Kobiety różni tryb życia, wykonywany zawód – jedna z nich jest sędzią, inna prominentną właścicielką hotelu, różna jest też ich sytuacja uczuciowa – jedynie Carol wciąż może pochwalić się życiem z mężczyzną, za którego wyszła, choć ten od pewnego czasu, coraz mniej zaangażowany jest w ich małżeństwo. Koleżanki łączy jednak miłość do literatury i ich comiesięczne, regularne spotkania klubu książki.

Pozycja obowiązkowa recenzja

Kiedy Vivian na jedno ze spotkań wybiera lekturę miesiąca – Pięćdziesiąt twarzy Greya, przyjaciółki wiedzą, że przygoda z tą książką nie skończy się dobrze.
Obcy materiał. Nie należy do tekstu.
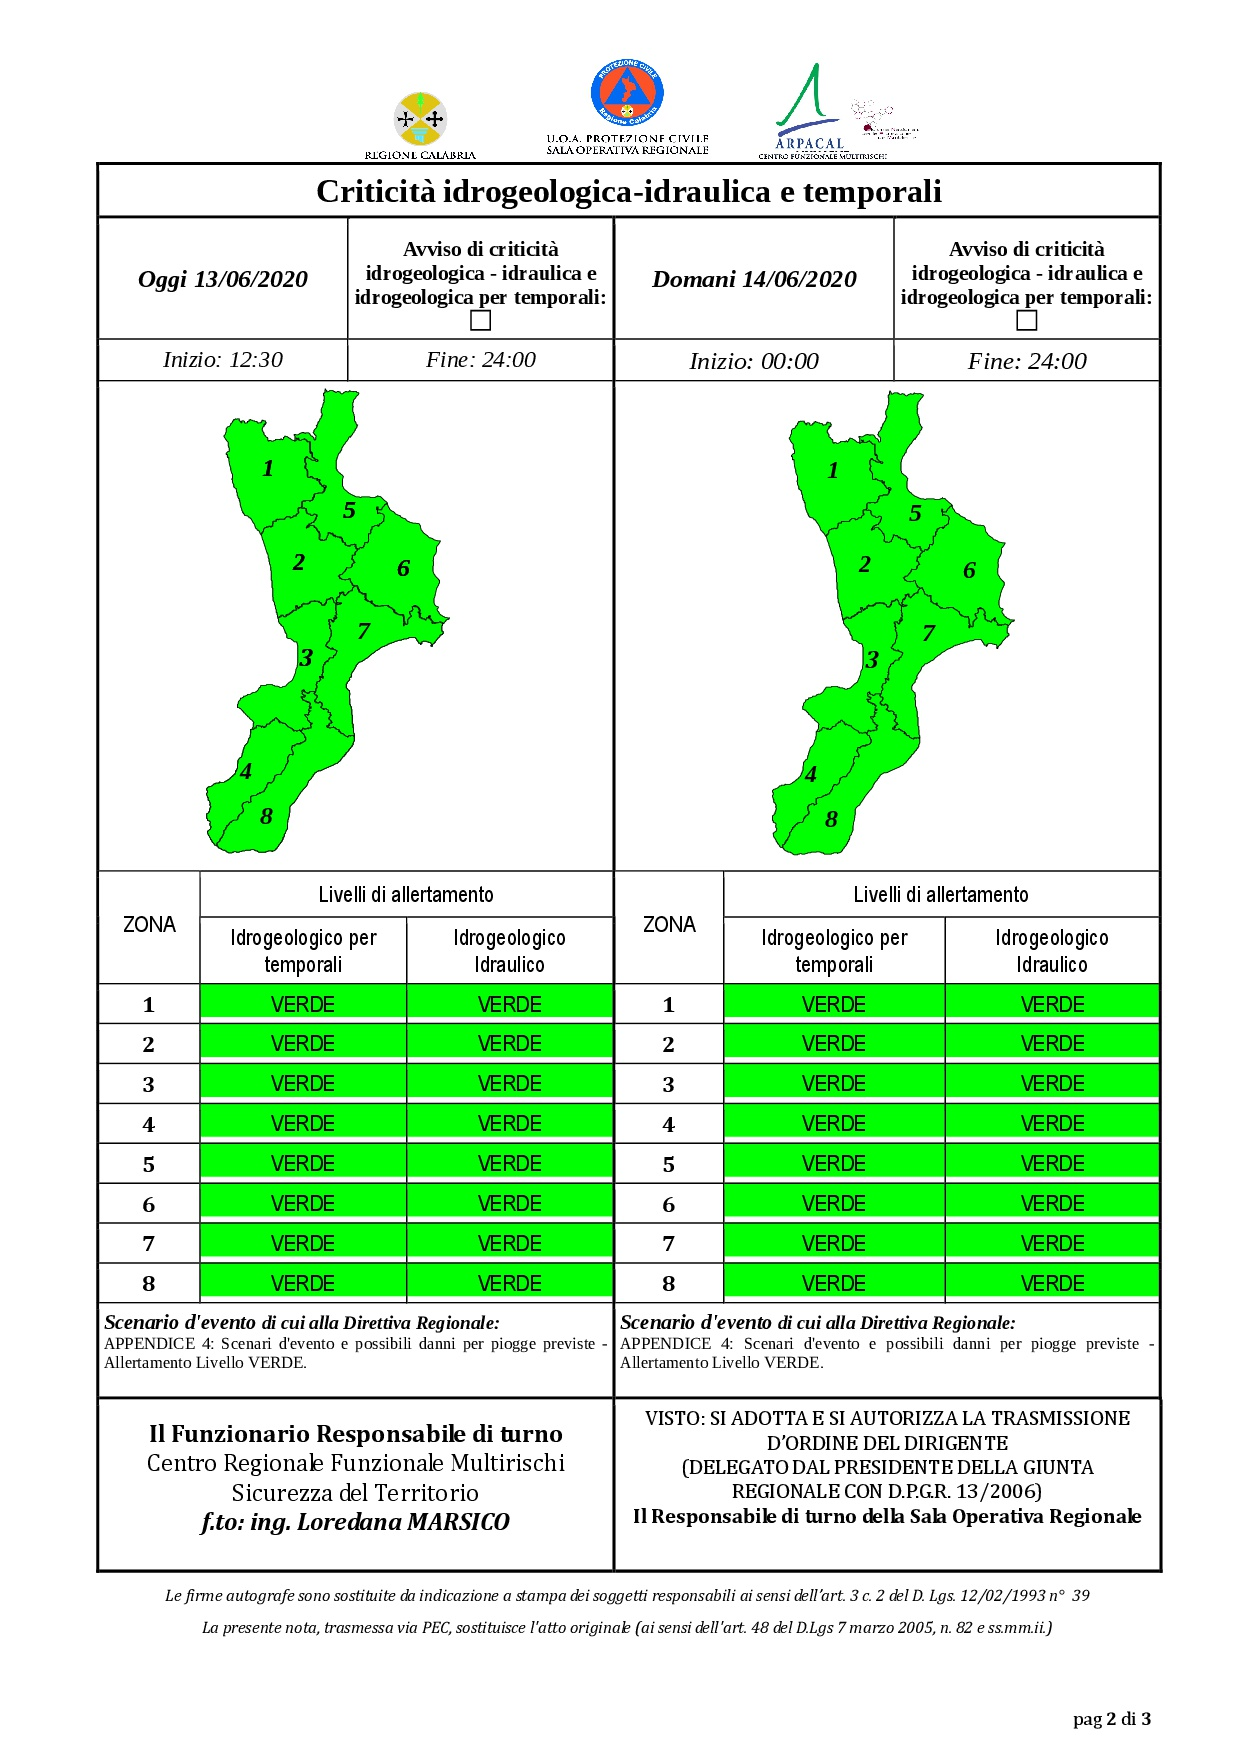 Criticità idrogeologica-idraulica e temporali in Calabria 13-06-2020
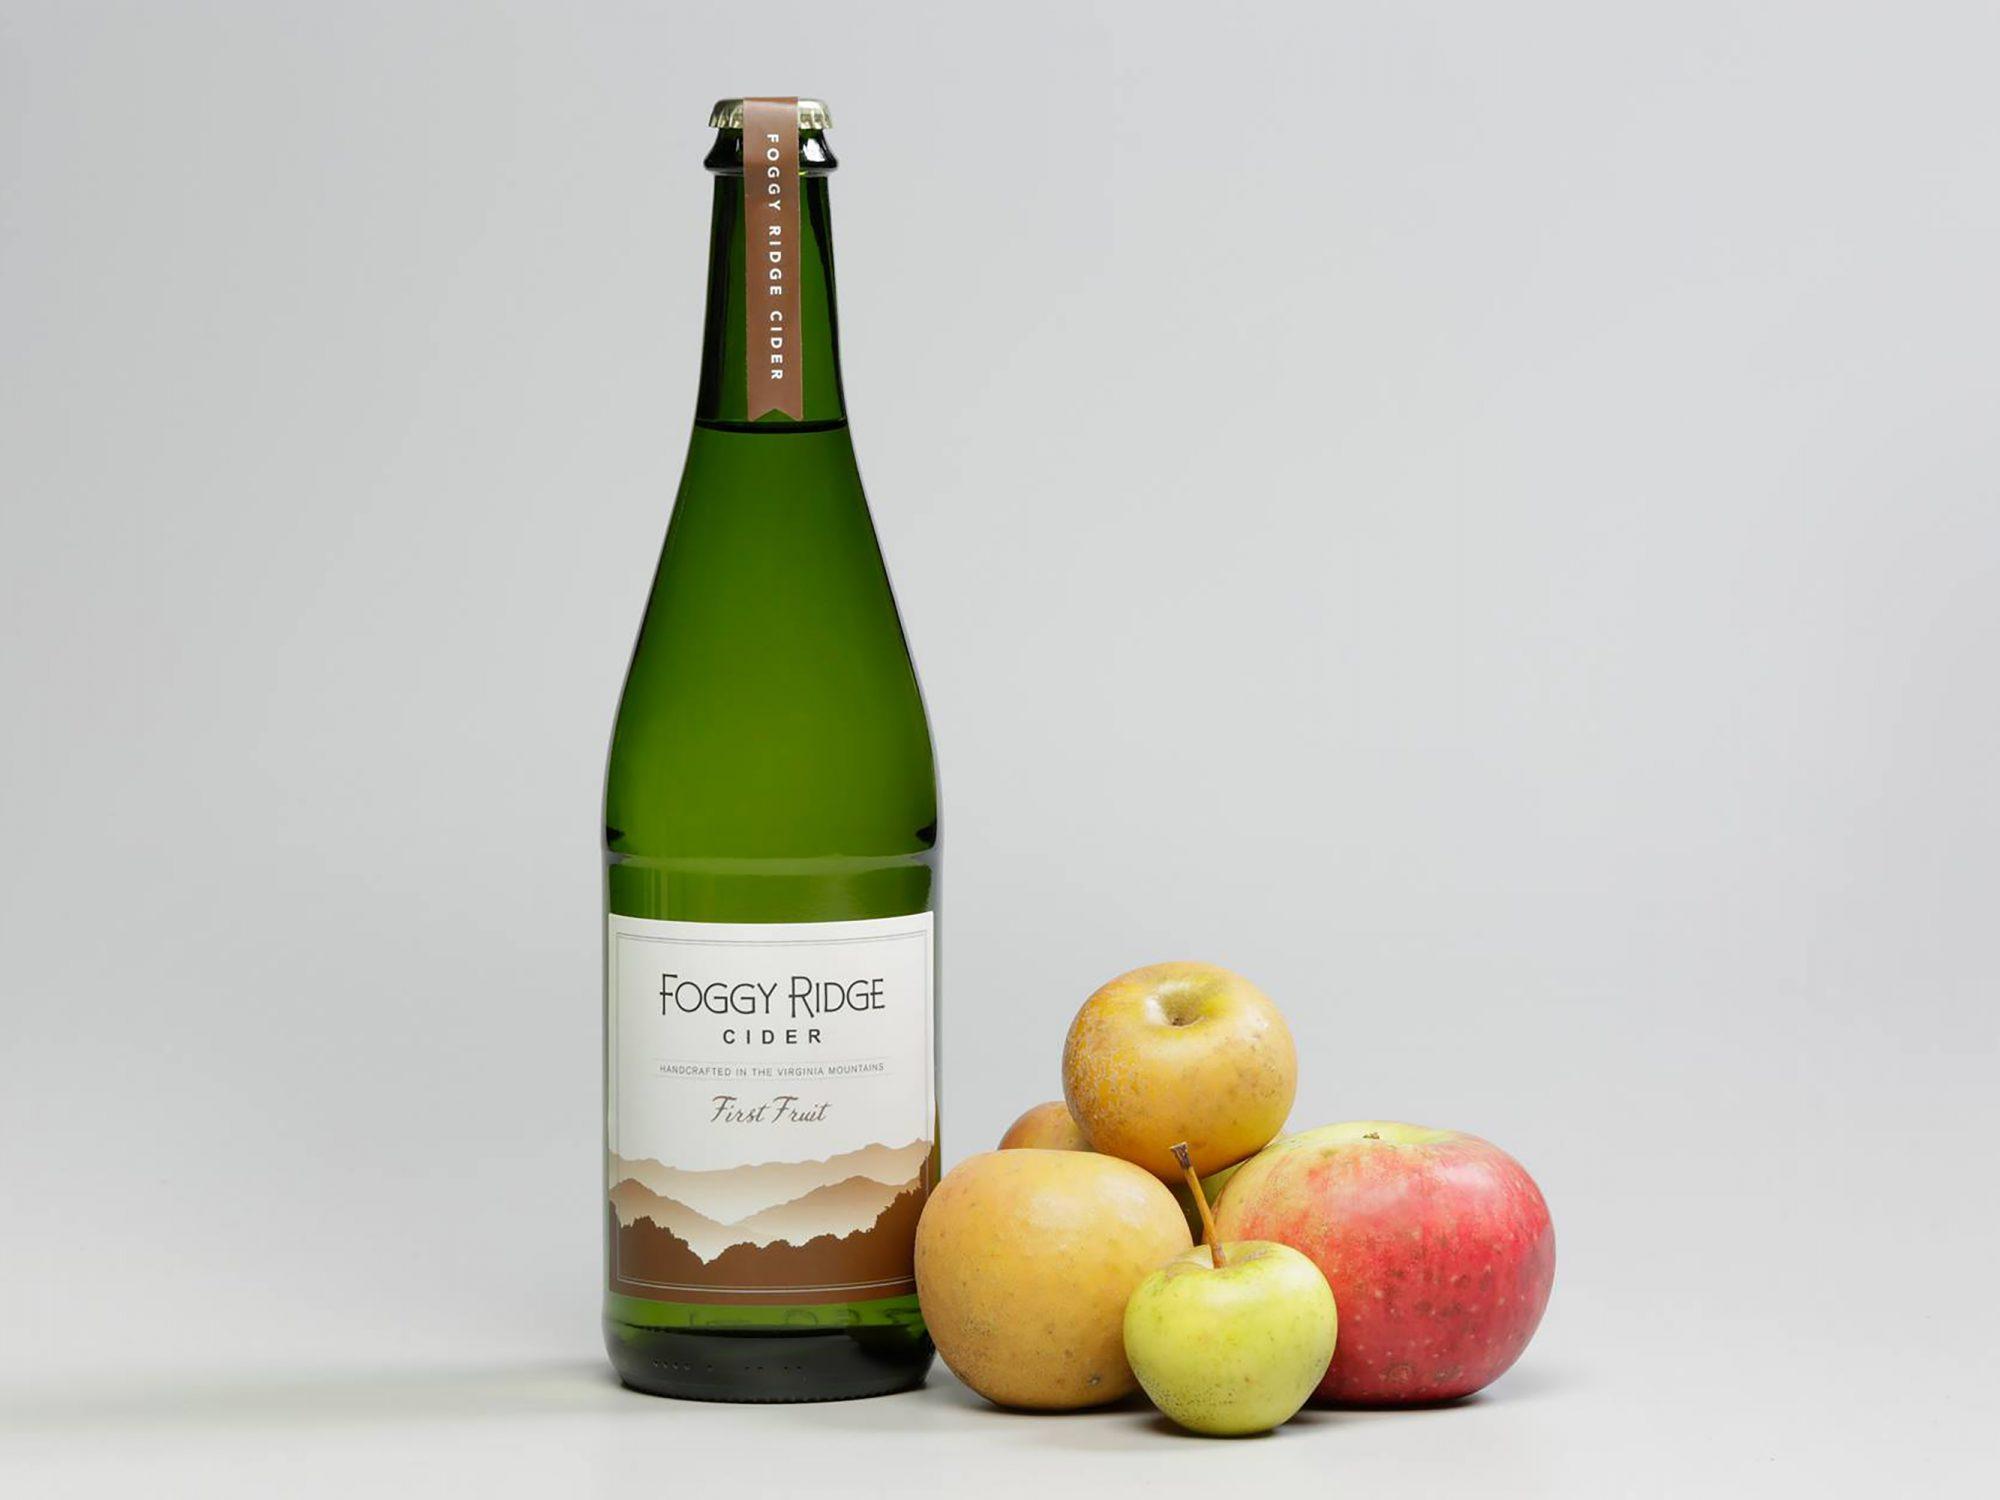 Foggy Ridge Cider First Fruit

Lektura popularnego erotyku staje się zaś dla kobiet przyczynkiem do zmian o trzysta sześćdziesiąt stopni.

Choć żadna z przyjaciółek nie daje tego po sobie poznać, popularne powieści E.L. James rozpalają w nich uczucia, o których nie myślały od dawna. I zmieniają także swoje postrzeganie na definicję seksu.

Nikt nie spodziewa się bowiem, że Christian Grey i jego seks czekoladowy z sosem karmelowym i wisienką na wierzchu spowoduje, że kobiety zaczną szukać okazji, by wprowadzić w życie poznane w książce tajniki…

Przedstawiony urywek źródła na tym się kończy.